Your task is to transcribe exactly, and only, the lines running from the one with "super popular f3551" to the end of the listing below, inclusive, with every picture left out.

» **Data block**
════════
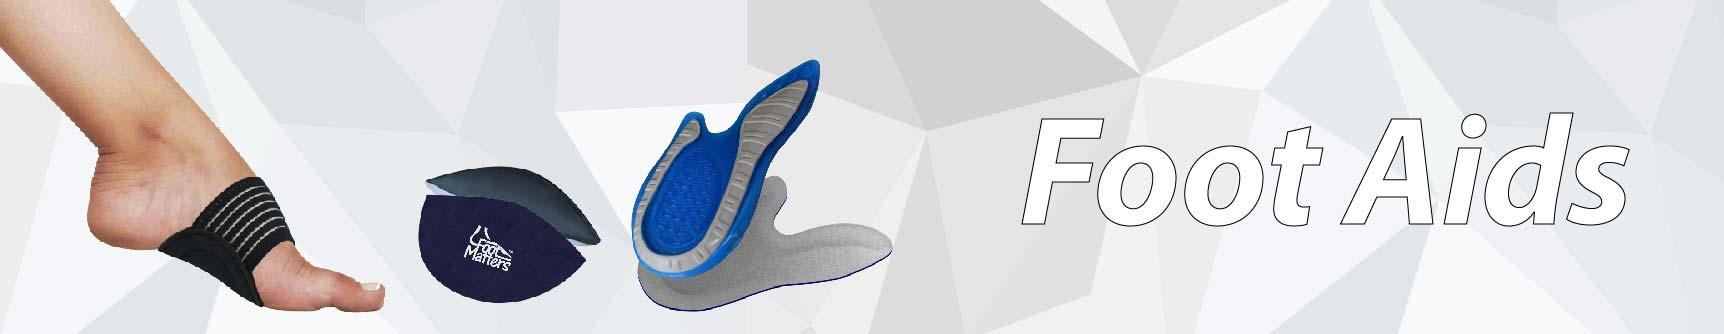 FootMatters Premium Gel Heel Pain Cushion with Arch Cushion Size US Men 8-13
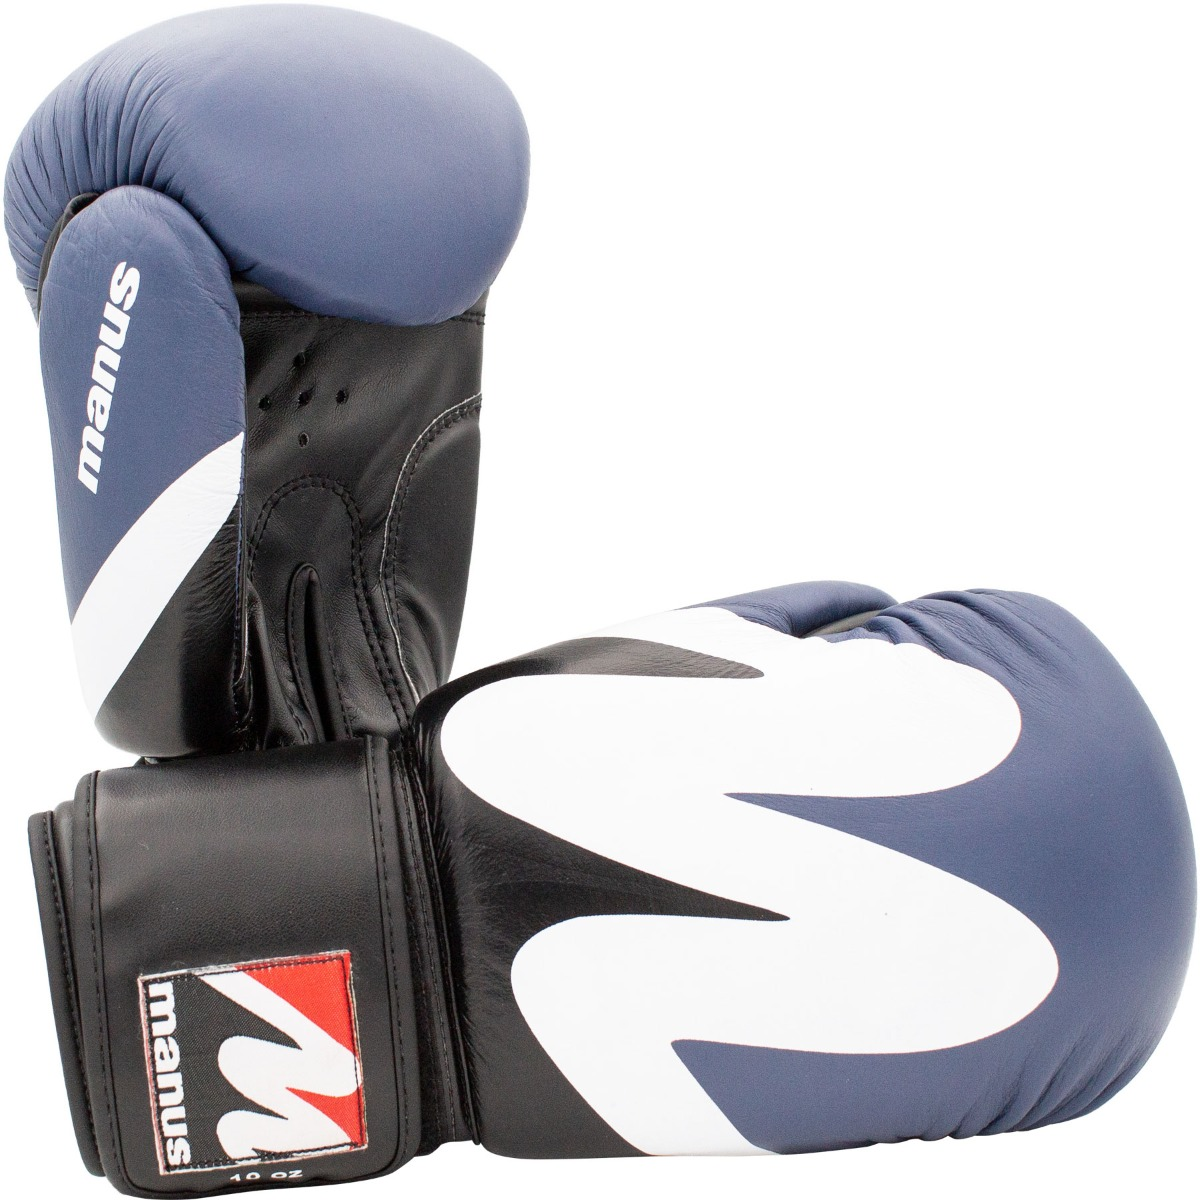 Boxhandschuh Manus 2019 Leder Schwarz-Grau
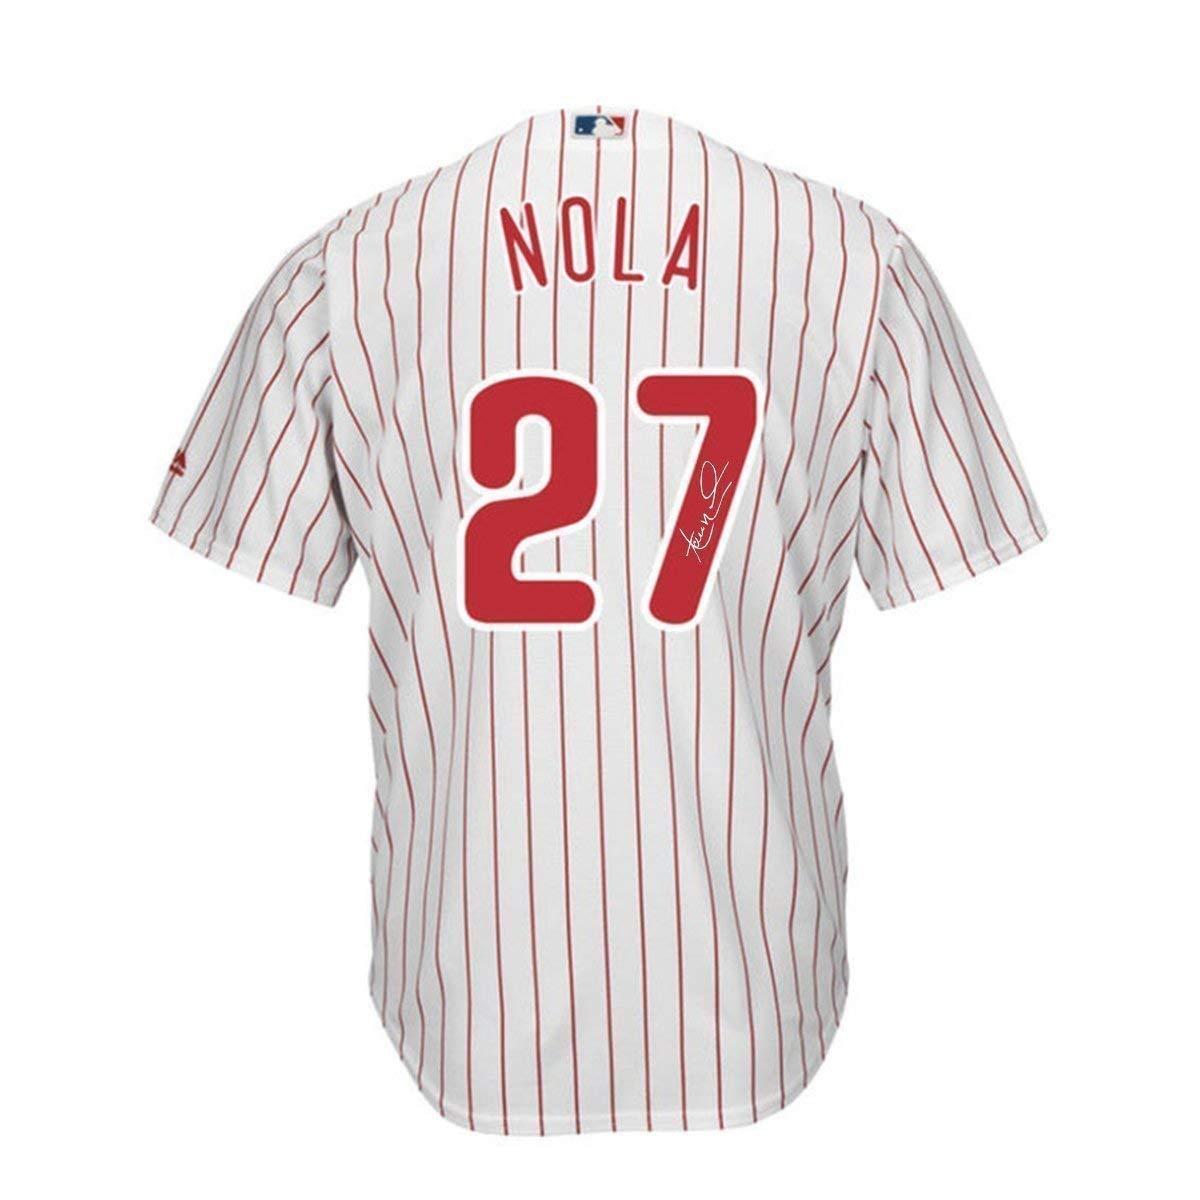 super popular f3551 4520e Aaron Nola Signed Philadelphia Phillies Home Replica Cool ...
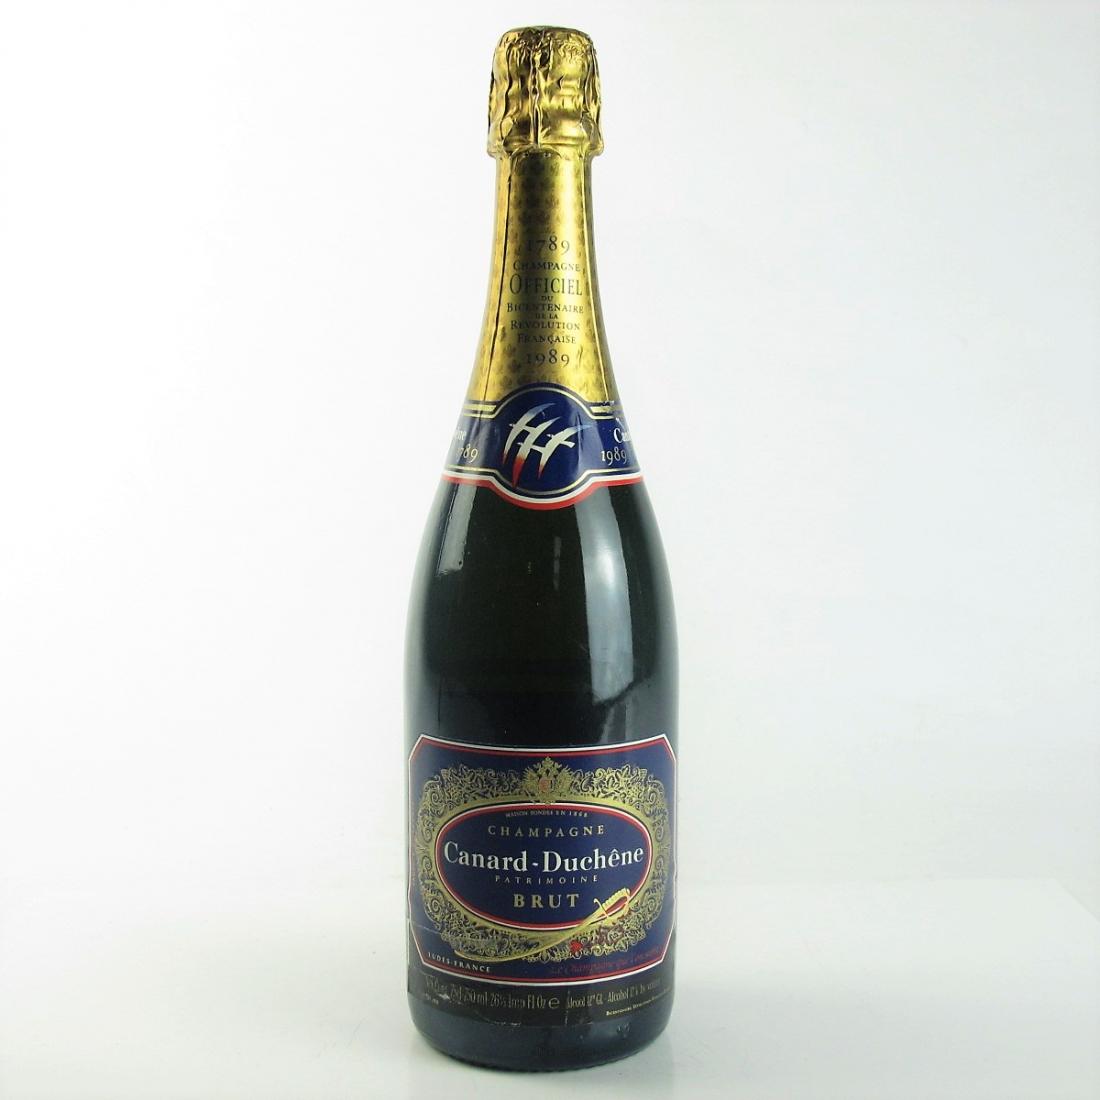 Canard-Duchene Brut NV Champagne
════════
» **Expected output**
 super popular f3551 4520e Aaron Nola Signed Philadelphia Phillies Home Replica Cool ...
 Canard-Duchene Brut NV Champagne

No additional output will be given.